Apart from Walsh who said she could not speculate as the transition is too young, the other speakers expressed some opinion.

Adamkiewicz said there are undeniable facts pointing to the reality of climate change, the droughts in the U.S. Midwest being a strong case in point. “The Mississippi was at a level where you could not move barges and we have to call out these examples,” he said.

Harper said that “to his mind,” overly significant STEM education is part of the republican party agenda, and Juma said that African country leaders have stopped relying on international agreements after the debatable results of Copenhagen, Dublin and Cancun. “They have understood they need to do the act of housekeeping on their own,” Juma stated.

The online forum gave an opportunity to the audience to ask the panelists questions. People seemed concerned about GMOs, a more plant-based diet and the decline in global seafood.

For GMOs, the experts gave answers contrary to popular belief. “We don’t have a big body of evidence that GMOs are that bad,” answered Adamkiewicz and shifted the focus on the marriage of crop varieties with pesticides. Harper adopted the same approach.

“Everything you have eaten for the past 15,000 years of farming is GMO. Corn is not what it used to be, farming is not natural! We need a better conversation on what natural means,” he said, appearing more worried about the quality of food rather than its modifications.

“How can we encourage people to adopt a more plant-based diet?” asked a member of the audience.

For Adamkiewicz, this rhetoric is a matter of privilege, and mostly leaning on the consumer side of things and personal choices.

“One-third of the world land area is covered in a land type that is unsuitable for anything other than livestock production,” said Walsh, supporting mixed systems combining livestock and plant-based production.

For Harper, a plant-based protein would be a great solution. The only thing is to make it taste better. “In the far future, we’ll have cultivated meat, and we’ll modify cells to make leather — which we are making now — and meat.”

Regarding the projected 50-percent decrease in global seafood over the next 20 years due to the expansion of middle class in China and the expected global population growth, Harper talked about how we will be fish farming in the oceans, inside large, floating structures, and Adamkiewicz urged humanity to eat beyond salmon, shrimp and tuna.

Walsh took advantage of the discussion to inform the audience about the changes in the acidity and salinity of the oceanic food web due to climate change.

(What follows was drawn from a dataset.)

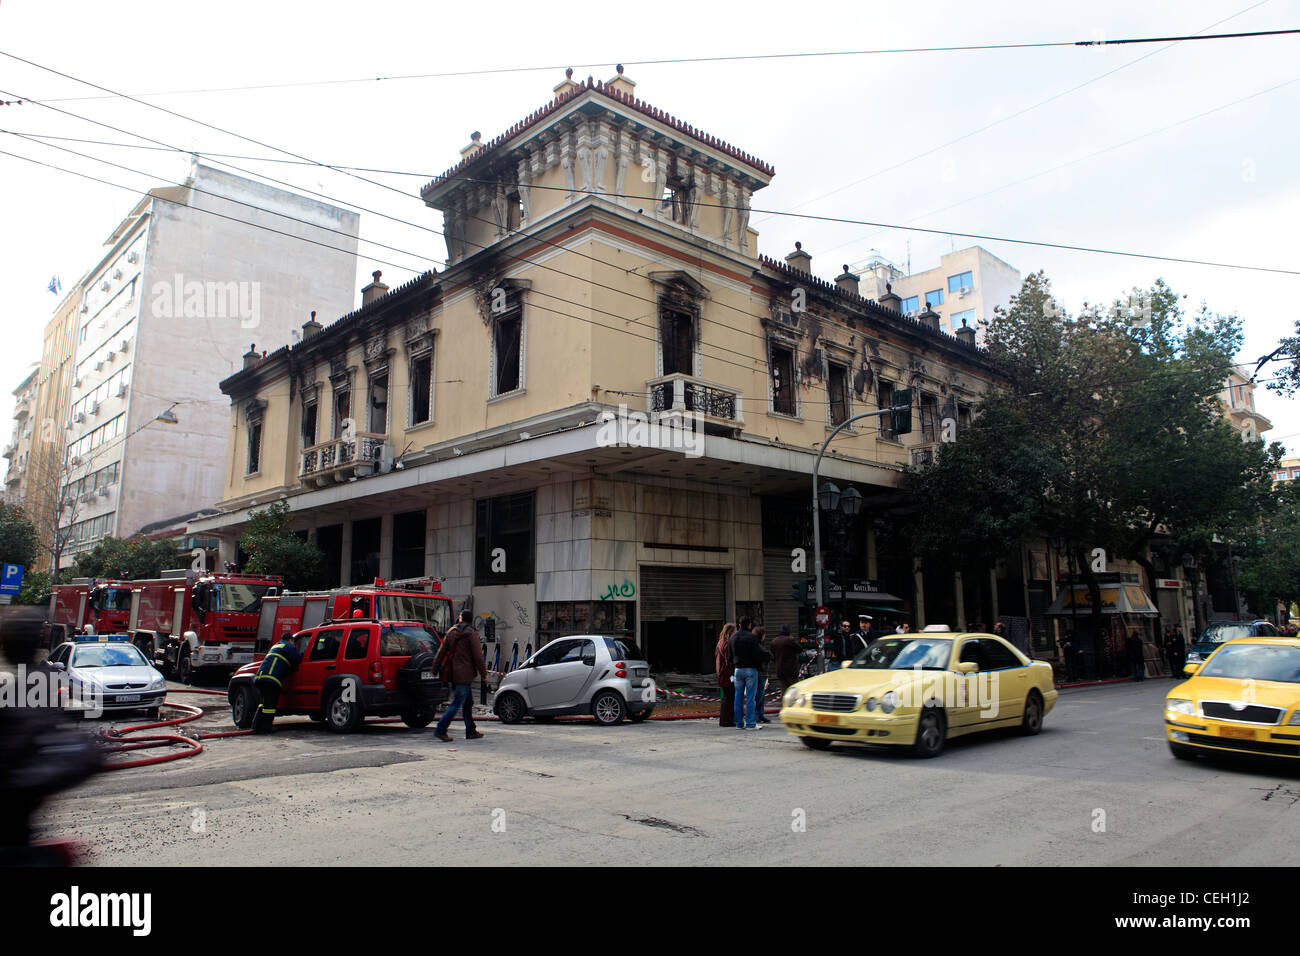 Grèce Athènes cinéma attikon stadiou vandalisé et incendié après les émeutes du 12 février Banque D'Images

At the end of the event, Thomson asked the panelists to give us their last takeoff.

Adamkiewicz focused on the reality of climate change and the need to accept it and not disrupt the economy and the well-being of people.

Walsh said that climate change matters and that it matters to Americans because they live in a globally integrated food system.

Harper hoped that the next generation of farmers will not only be regular farmers but also mechanical engineer-farmers, electrical engineer-farmers, data farmers, and that an expansion of the definition of farming across all disciplines will take place.

Last but not least, Juma predicted that food security will become national security, a kind of national priority agenda the world over. “This will engage a lot more elephants in the room,” Juma said.